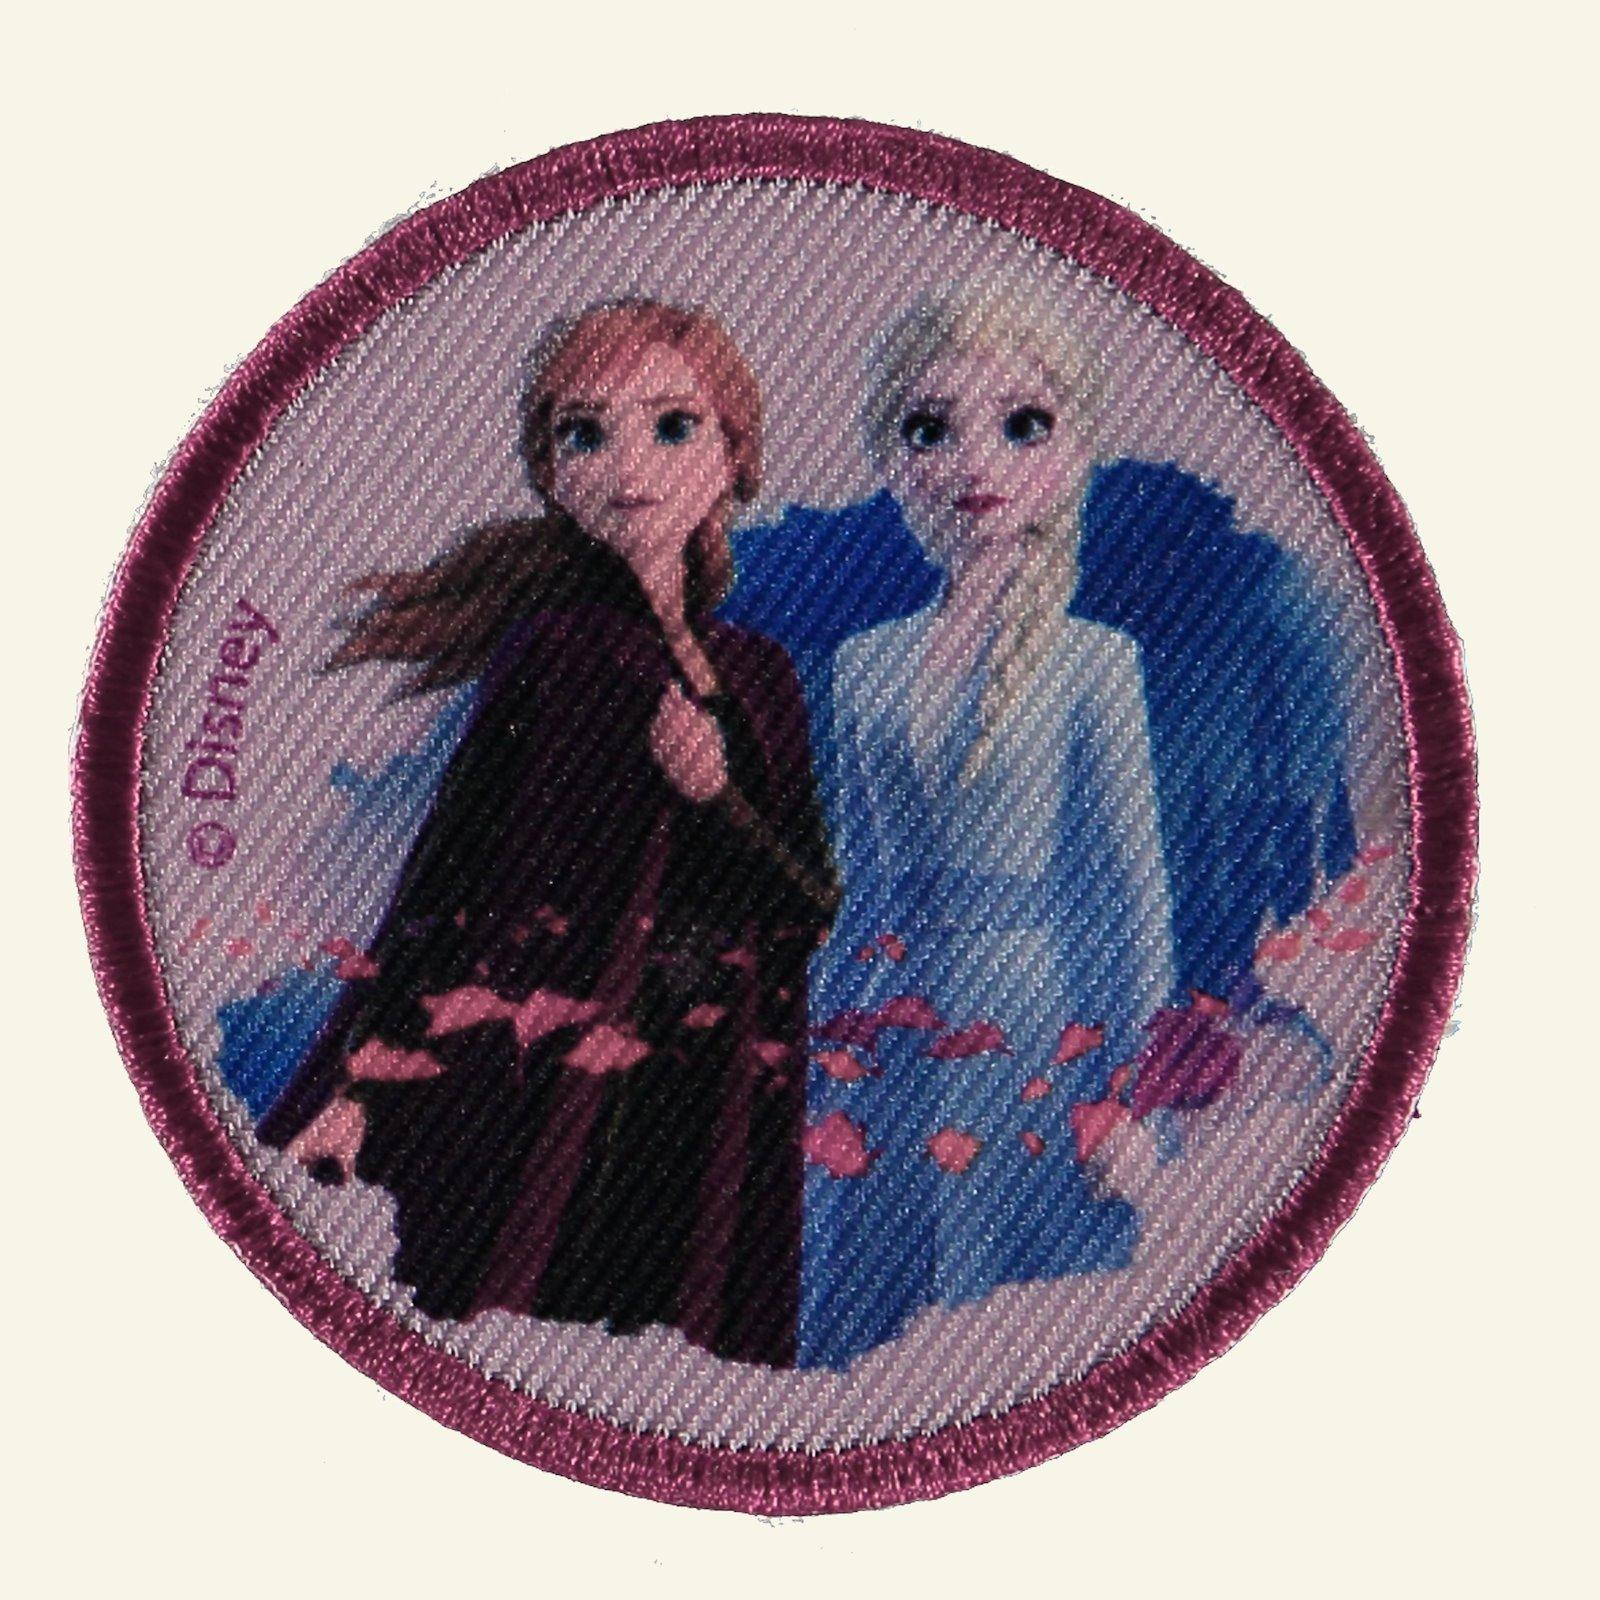 Patch FROZEN Anna/Elsa 65mm 1pc 26412_pack
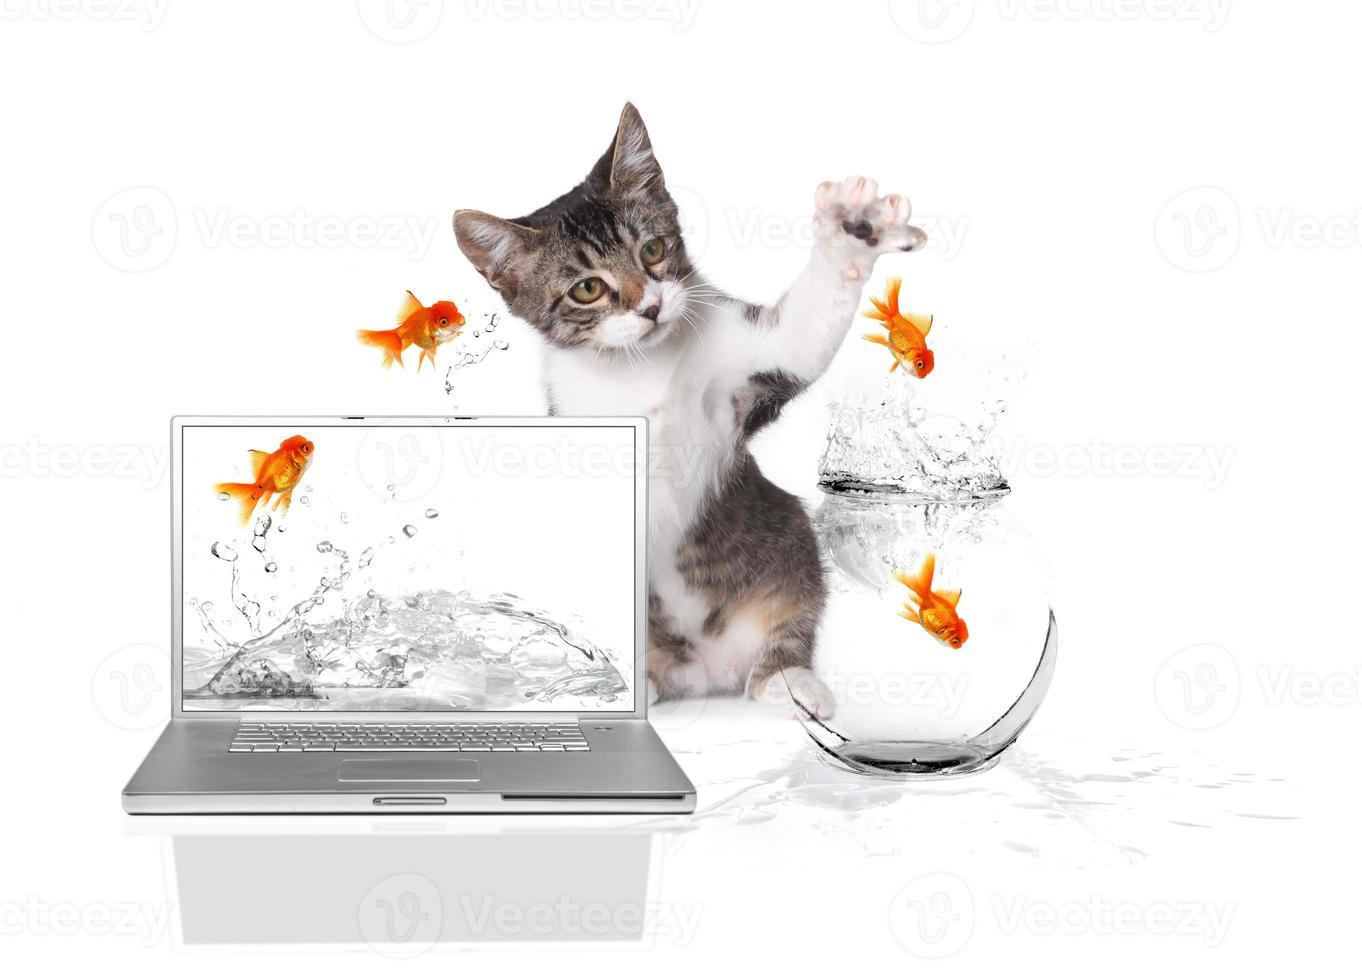 kattunge tassar på guldfiskar som hoppar ur vattnet foto
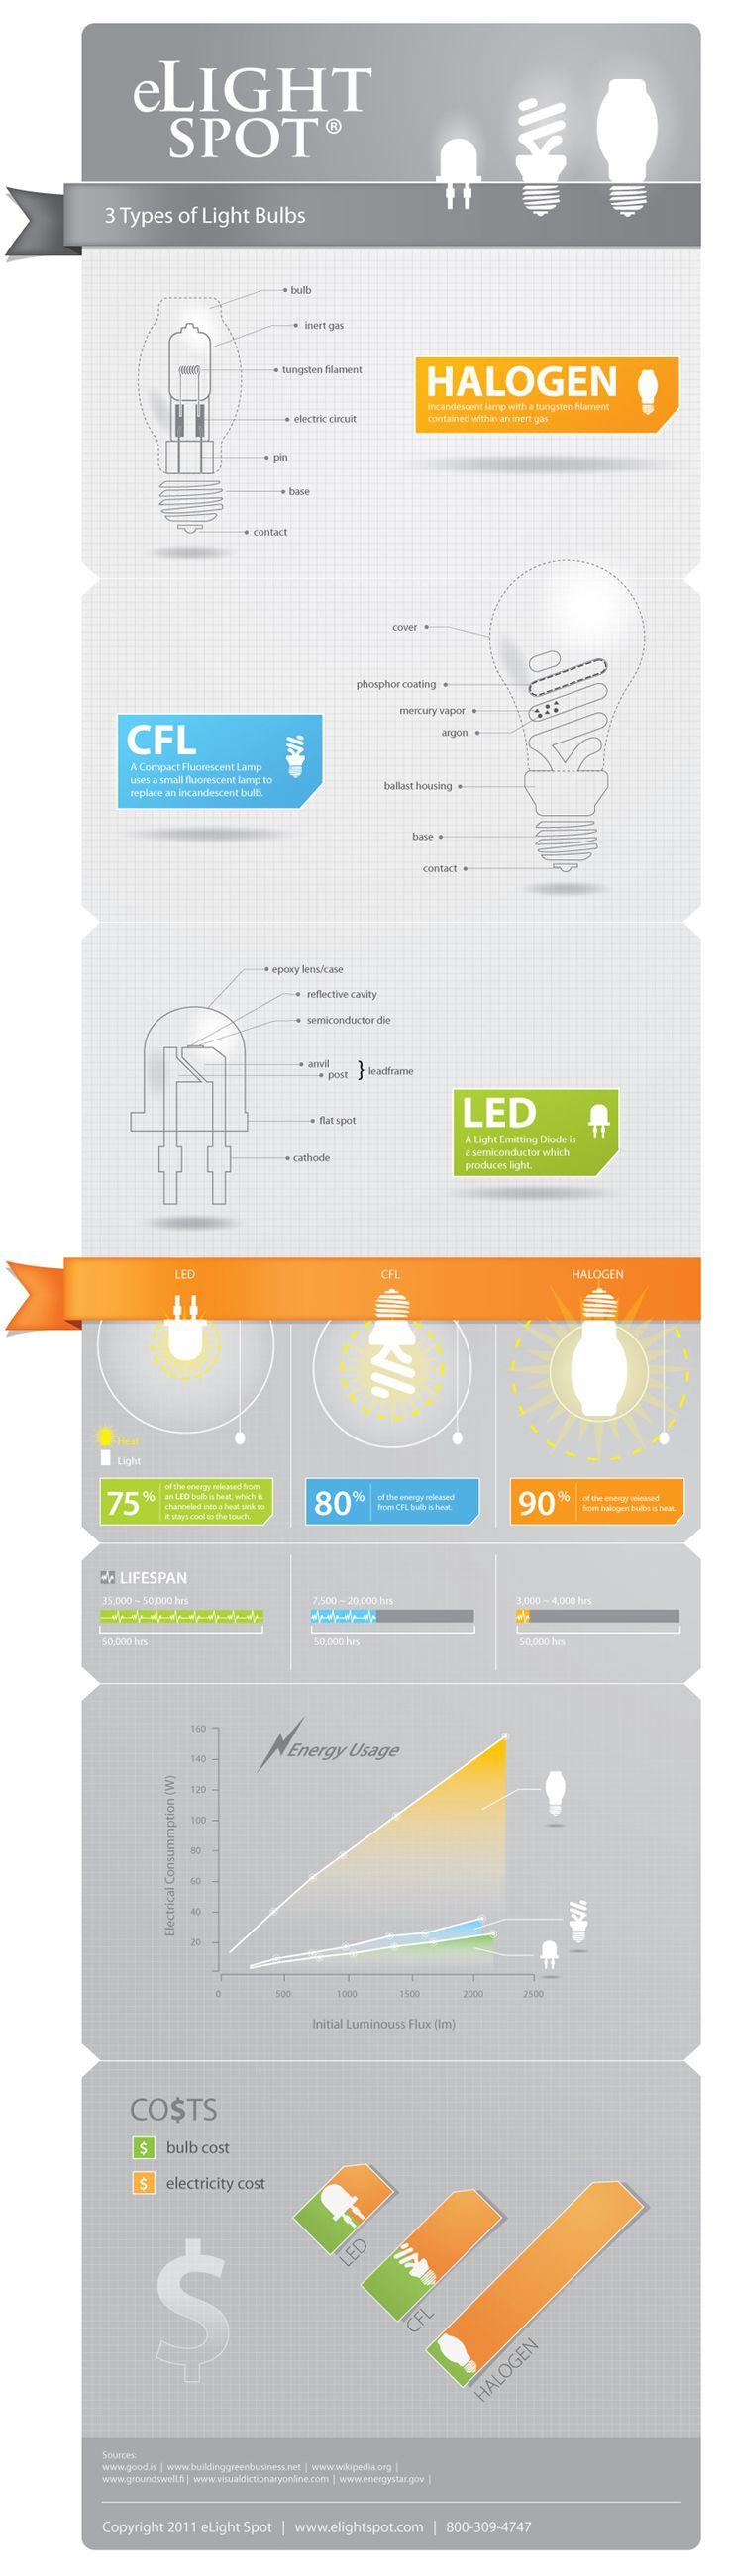 hal genos vs bajo consumo vs led infografia medioambiente lamp design lighting designwall  [ 736 x 2602 Pixel ]
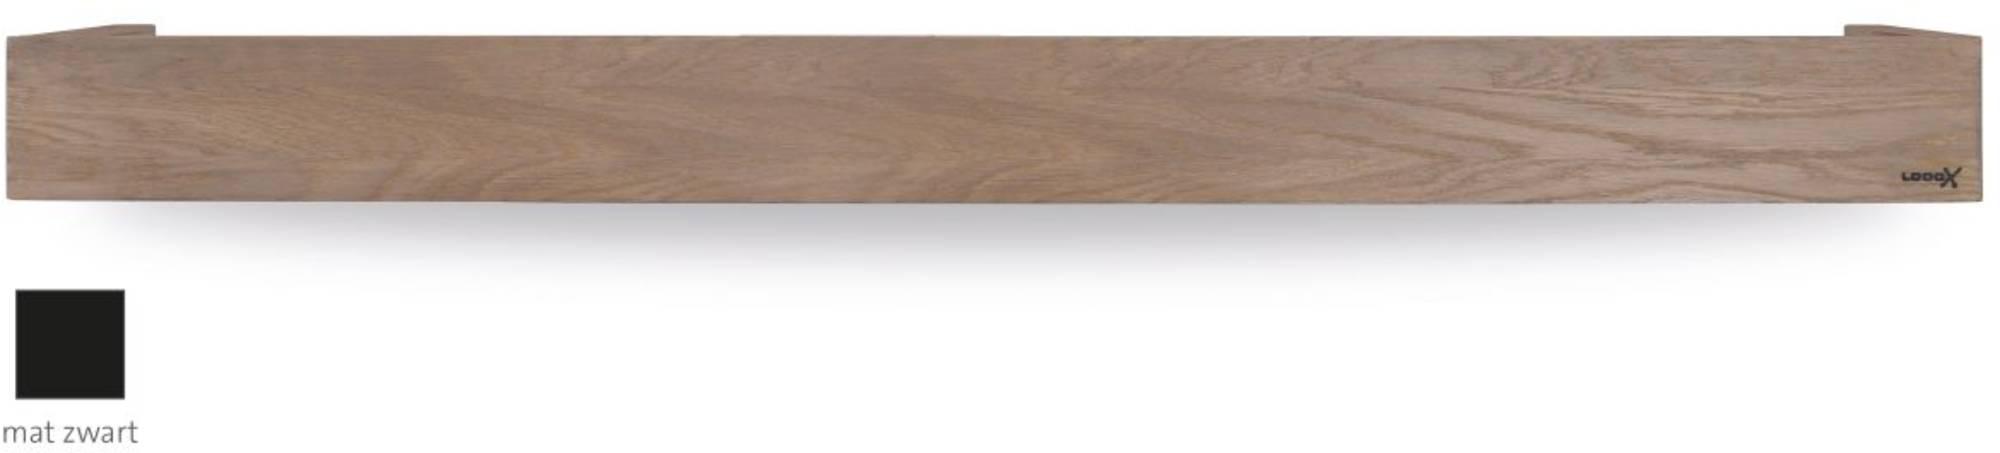 Looox Wooden Collection shelf box met bodemplaat mat zwart eiken/mat zwart

• **DIRECTIONS FOR THIS TASK**: Repeat the data word for word. Skip the pictures.

• **SOLUTION**:
 Patch FROZEN Anna/Elsa 65mm 1pc 26412_pack
 kattunge tassar på guldfiskar som hoppar ur vattnet foto
 hal genos vs bajo consumo vs led infografia medioambiente lamp design lighting designwall  [ 736 x 2602 Pixel ]
 Looox Wooden Collection shelf box met bodemplaat mat zwart eiken/mat zwart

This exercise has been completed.